- Country: Tanzania
- Location: Hombolo
- Coordinates: 05°57′00″S 35°58′10″E﻿ / ﻿5.95000°S 35.96944°E
- Status: Active
- Opening date: 1957

Reservoir
- Surface area: 15.4 km^{2} (5.9 sq mi)
- Normal elevation: 100 m (330 ft)
- Website www.kilimo.go.tz

= Hombolo Dam =

Dam in Tanzania

Hombolo Dam is a dam in Tanzania. It is at Hombolo-Bwawani village, in Dodoma-rural District.

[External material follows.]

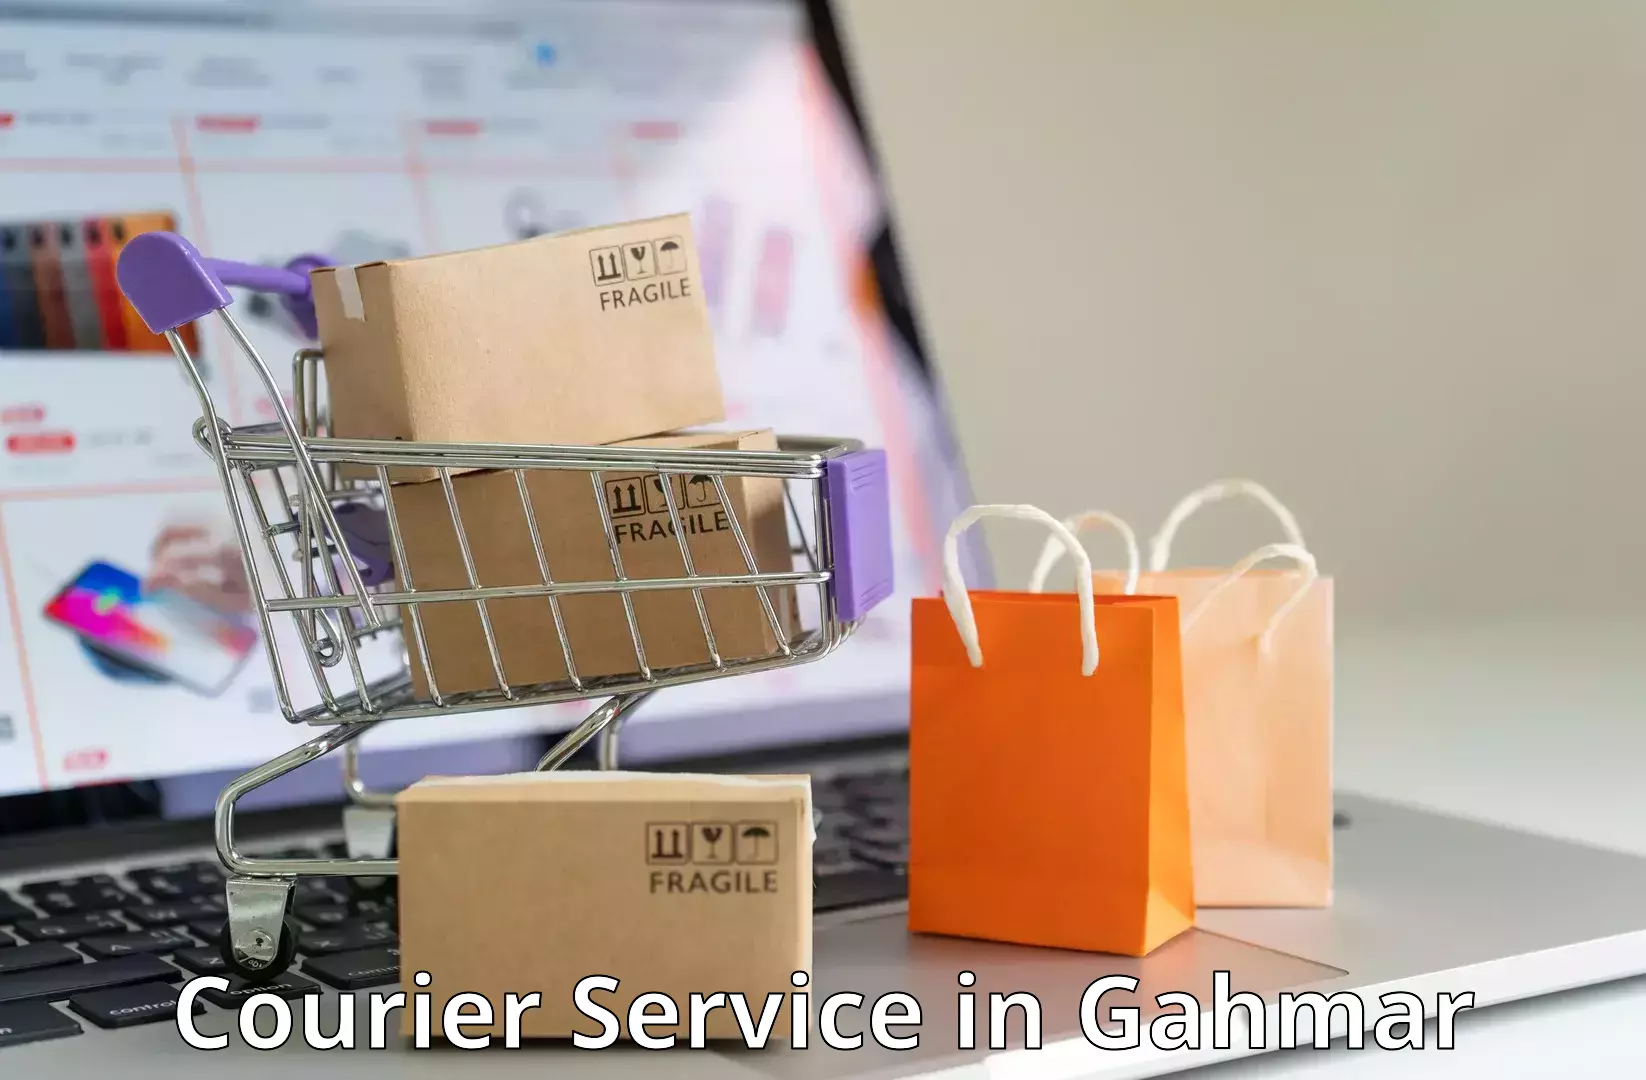 Fast delivery service in Gahmar

The dam was constructed by the colonial government in 1957 for irrigation, domestic water supply, and water for livestock.

== Overview ==

The dam serves the following villages: Hombolo-Bwawani, Zepisa, Mahomanyika, Chanzaga, Ngaegae, Mleche, Ghambala, and Ipala; the word bwawani in Swahili literally means "to the dam" or "into the dam." During its construction the nearest village with government offices, including a dispensary, was Hombolo hence the name Hombolo dam. The people in many nearby villages were displaced and moved to other villages during the construction of the dam, including Zepisa, during ujamaa villages exercise hence the near disappearance of these villages, but many of the villages' inhabitants have since moved back.